The two patterns to memorise: (a) pre-lock fast paths + lock + authoritative re-check, and (b) park-with-commit-function — the same shape recurs in sync.Mutex.lockSlow, sync.WaitGroup.Wait, time.Sleep, every blocking primitive.

5. Source walkthrough: `runtime/panic.go::gopanic`¶

gopanic runs when panic(x) executes. It walks the defer chain, invokes each deferred function, and either recovers or terminates the program. ~100 lines.

// from runtime/panic.go, simplified
func gopanic(e any) {
    gp := getg()
    if gp.m.curg != gp {
        print("panic: ")
        printany(e)
        print("\n")
        throw("panic on system stack")          // (1) only user g may panic
    }

    var p _panic
    p.arg = e
    p.link = gp._panic
    gp._panic = (*_panic)(noescape(unsafe.Pointer(&p)))  // (2) push panic frame

    runningPanicDefers.Add(1)

    for {
        d := gp._defer
        if d == nil { break }                   // (3) no more defers → fatal

        // (4) If this defer was already started by a previous panic, skip it.
        if d.started {
            if d._panic != nil { d._panic.aborted = true }
            d._panic = nil
            if !d.openDefer {
                d := d
                gp._defer = d.link
                freedefer(d)
                continue
            }
        }

        d.started = true
        d._panic = (*_panic)(noescape(unsafe.Pointer(&p)))
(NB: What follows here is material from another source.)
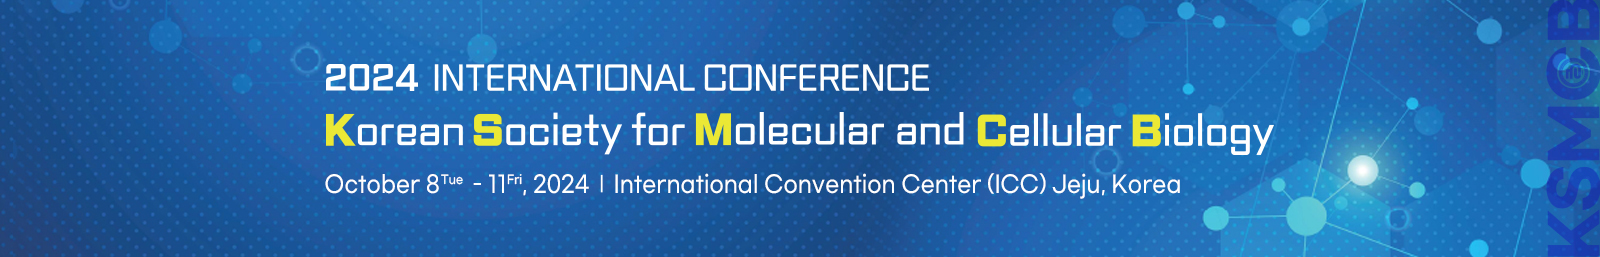 2024 International conference of the Korean society for molecular and cellular biology
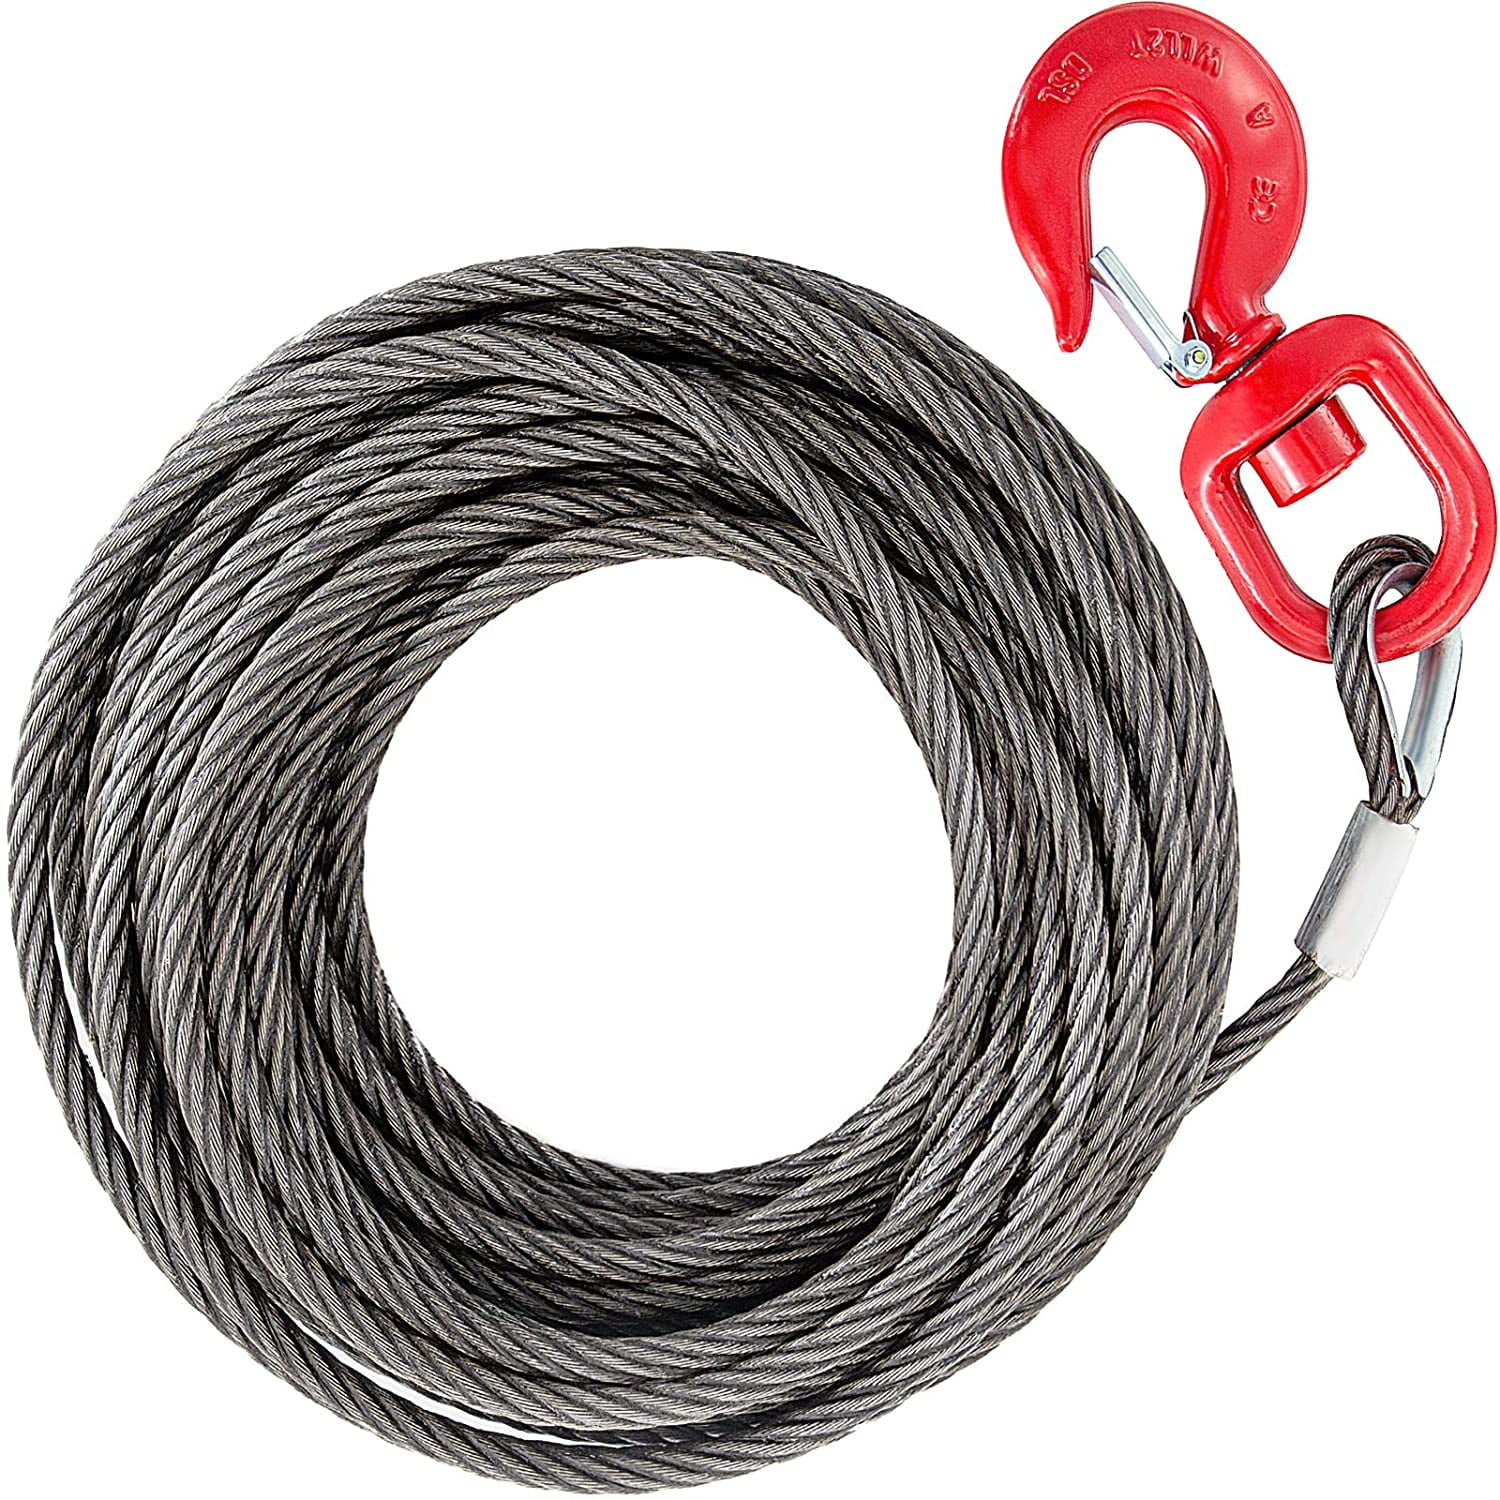 7/16 x 75' IWRC EIPS WINCH CABLE & HOOK Steel Core for Wrecker Tow Truck Crane

        // (5) Invoke the deferred call. If d.openDefer, we run inline-
        //     compiled defers; else we call the closure via reflectcall.
        done := true
        if d.openDefer {
            done = runOpenDeferFrame(d)
            if !done { addOneOpenDeferFrame(gp, 0, nil) }
        } else {
            p.argp = unsafe.Pointer(getargp())
            reflectcall(nil, unsafe.Pointer(d.fn), deferArgs(d), uint32(d.siz), uint32(d.siz))
        }
        p.argp = nil

        // (6) Did the deferred function recover?
        if p.recovered {
            gp._panic = p.link
            // Drop panics aborted by the recovered one.
            for gp._panic != nil && gp._panic.aborted {
                gp._panic = gp._panic.link
            }
            if gp._panic == nil { gp.sig = 0 }
            gp.sigcode0 = uintptr(p.sp)
            gp.sigcode1 = p.pc
            mcall(recovery)                      // (7) jump back into d's caller
            throw("recovery failed")
        }

        // (8) Defer returned normally; pop it and continue.
        if done {
            d := d
            gp._defer = d.link
            freedefer(d)
        }
    }

    // (9) No defer recovered. Print and crash.
    preprintpanics(gp._panic)
    fatalpanic(gp._panic)
    *(*int)(nil) = 0
}

The structure to internalise:

(2) A _panic record links to outer panics. Nested panic inside a deferred function pushes a new _panic on top; the outer one is aborted.
(3) The loop drives one defer at a time. gopanic does not run defers itself — it iterates and reflect-calls each.
(5) Two defer flavours. Open-coded defers (Go 1.14+) are inlined into the function and tracked by a bitmask in the frame — fast for the common case of a small bounded set of defers per function. Heap-allocated defers are linked through gp._defer and called via reflectcall.
(6)–(7) Recovery is detected by p.recovered being set inside the deferred function (by a call to runtime.gorecover which sets it). On recovery, mcall(recovery) switches stacks and jumps to the deferred function's caller — bypassing the normal return path. This is how recover() "unwinds" without C++-style exceptions.
(9) No recovery: print all panics on the chain, call fatalpanic, then write to nil to ensure we crash if anything beyond that returns.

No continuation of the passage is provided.